Your task is to repeat exactly the lines below between the line holding "XTRM Basketball Night Flyer Template" and the line holding "Śrut Apolo Hunter", inclusive, and only those.

### RECORDS FOR THE EXERCISE
━━━━

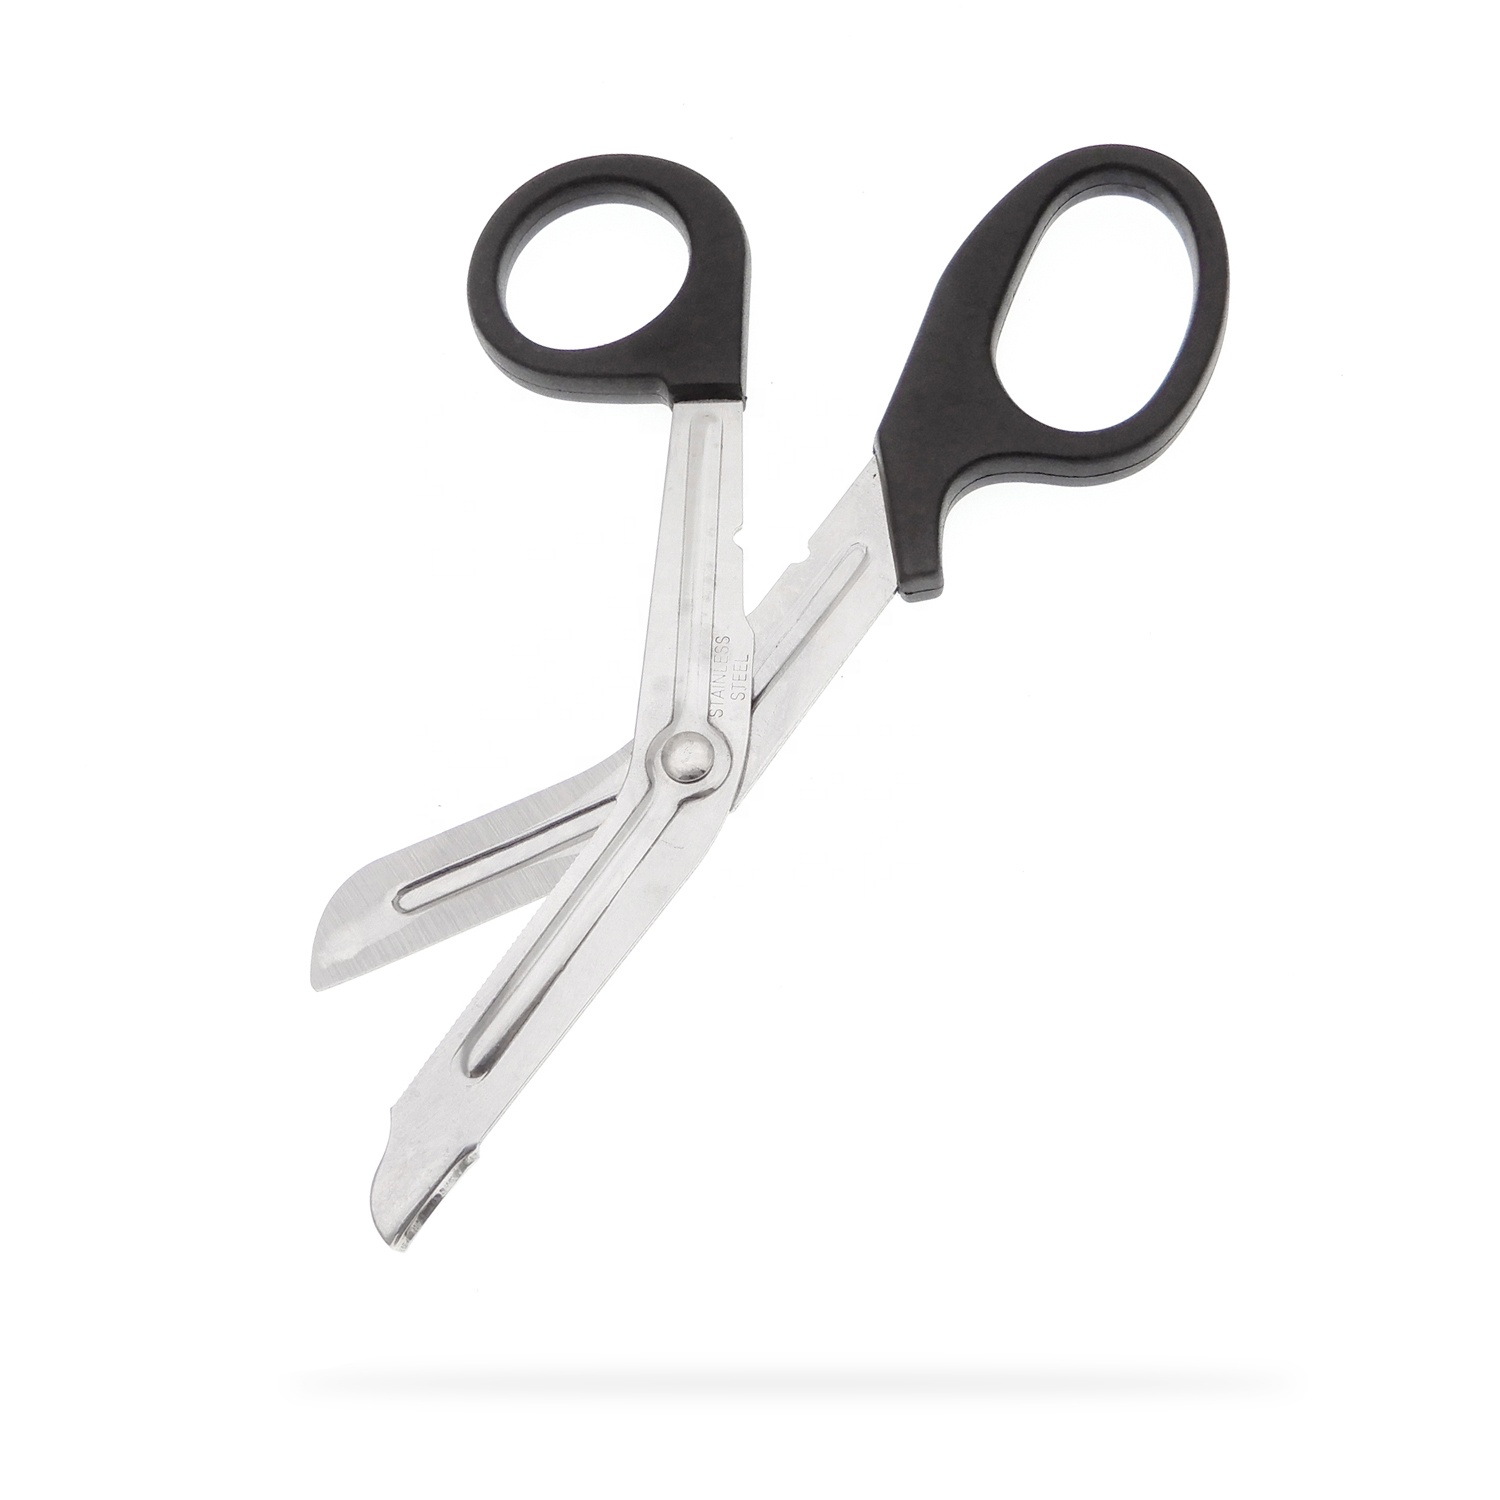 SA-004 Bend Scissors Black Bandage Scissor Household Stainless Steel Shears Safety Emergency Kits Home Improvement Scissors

━━━━

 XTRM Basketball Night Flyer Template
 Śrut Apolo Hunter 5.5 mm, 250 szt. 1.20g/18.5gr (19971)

━━━━

### COMPLETED TASK
 XTRM Basketball Night Flyer Template
 Śrut Apolo Hunter 5.5 mm, 250 szt. 1.20g/18.5gr (19971)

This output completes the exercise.